We may disclose to you certain information as a result of your participation as part of the Affiliate Program, which information we consider to be confidential (herein referred to as "Confidential Information") which shall include, but not be limited to, any modifications to the terms and provisions of this Agreement made specifically for your Web site and not generally available to other members of the Affiliate Program, Web site, business and financial information relating to LIQUID PURPLE customer and vendor lists relating to and pricing and sales information for and any members of the Affiliate Program, other than you. Confidential Information shall remain strictly confidential and secret and shall not be utilized, directly or indirectly, by you for your own business purposes or for any other purpose except and solely to the extent that any such information is generally known or available to the public or if the same is required by law or legal process.

16. Indemnification

You hereby agree to indemnify, defend and hold harmless LIQUID PURPLE, its shareholders, officers, directors, employees, agents, affiliates, partners, successors and assigns, from and against any and all claims, losses, liabilities, damages or expenses (including attorneys’ fees and costs) of any nature whatsoever incurred or suffered by us (collectively the "Losses"), in so far as such Losses (or actions in respect thereof) arise out of or are based on (i) any claim or threatened claim that our use of the Affiliate Materials infringes on the rights of any third party; (ii) the breach of any representation or warranty made by you herein; or (iii) any claim related to your Web site.

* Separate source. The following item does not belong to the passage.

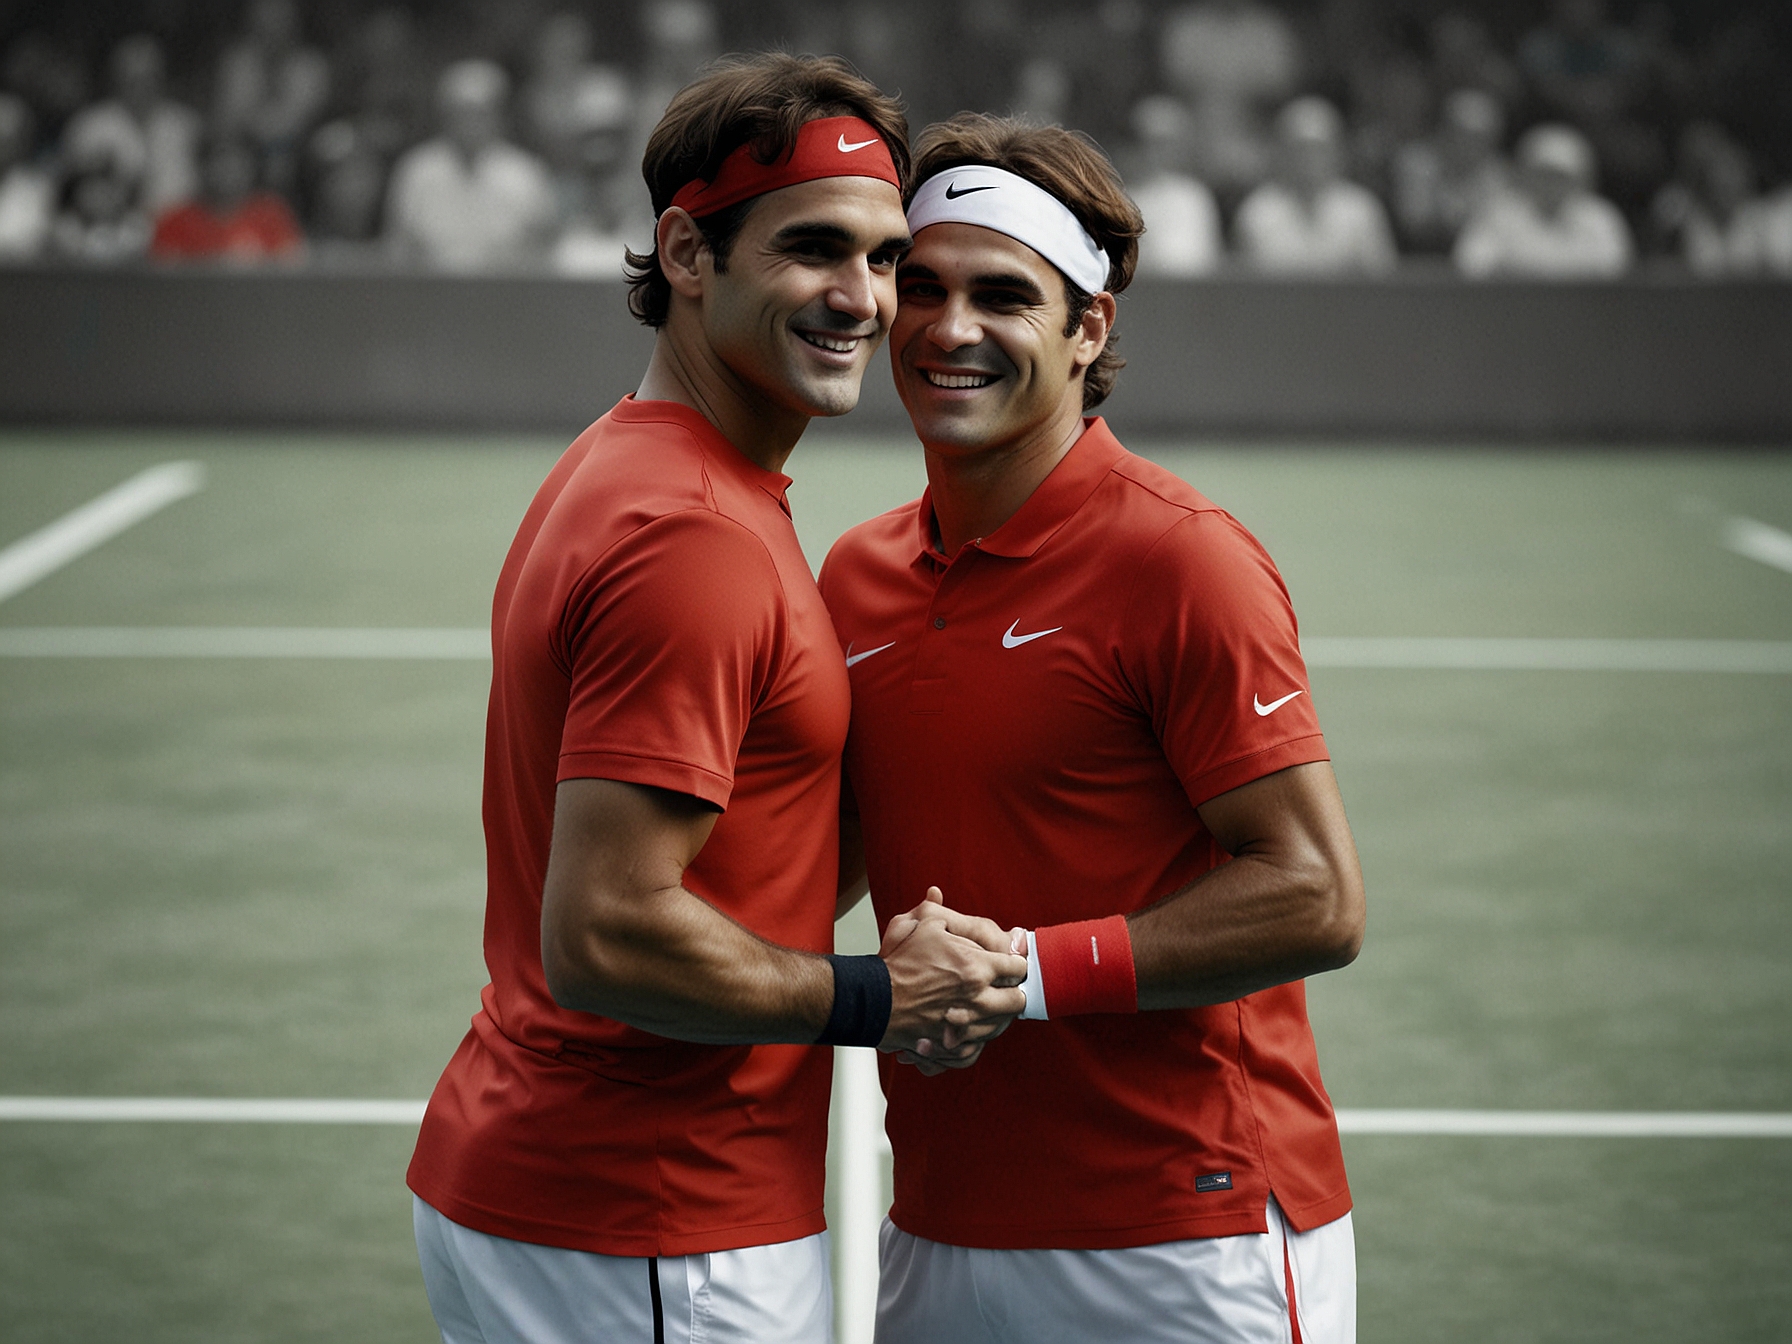 Roger Federer and Rafael Nadal sharing a moment during a tennis match, showcasing their famous rivalry.

17. Independent Investigation

You acknowledge that you have read this Agreement, have had an opportunity to consult with your own legal advisors if you so desired, and agree to all its terms and conditions. You understand that we may at any time, directly or indirectly, solicit customer referrals on terms that may differ from those contained in this Agreement or operate Web sites that are similar to or competitive with your Web site. You have independently evaluated the desirability of participating in the Affiliate Program and are not relying on any representation, guarantee, or statement other than as set forth in this Agreement.

18. Entire Agreement

The provisions contained in this Agreement constitute the entire agreement between the parties with respect to the subject matter of this Agreement, and no statement or inducement with respect to such subject matter by any Party which is not contained in this Agreement shall be valid or binding between the Parties.

19. Miscellaneous

This Agreement will be governed by the laws of the United States and the State of California, without reference to rules governing choice of laws. Any legal proceeding of any nature brought by either Party against the other Party to enforce any right or obligation under this Agreement, or arising out of any matter pertaining to this Agreement shall be submitted for trial, without a jury, before the federal or state courts located in Orange County and you irrevocably consent to the jurisdiction of such courts. You may not assign this Agreement, by operation of law or otherwise, without our prior written consent. Subject to that restriction, this Agreement will be binding on, inure to the benefit of, and enforceable against the Parties and their respective successors and assigns. Our failure to enforce your strict performance of any provision of this Agreement will not constitute a waiver of our right to subsequently enforce such provision or any other provision of this Agreement. In any action to enforce or interpret any provision of this Agreement, the prevailing party will be entitled to recover its attorney’s fees and costs.
I indicate my approval of this Agreement and desire to become an Affiliate under these terms and conditions by filling out and submitting the Affiliate Enrollment Form.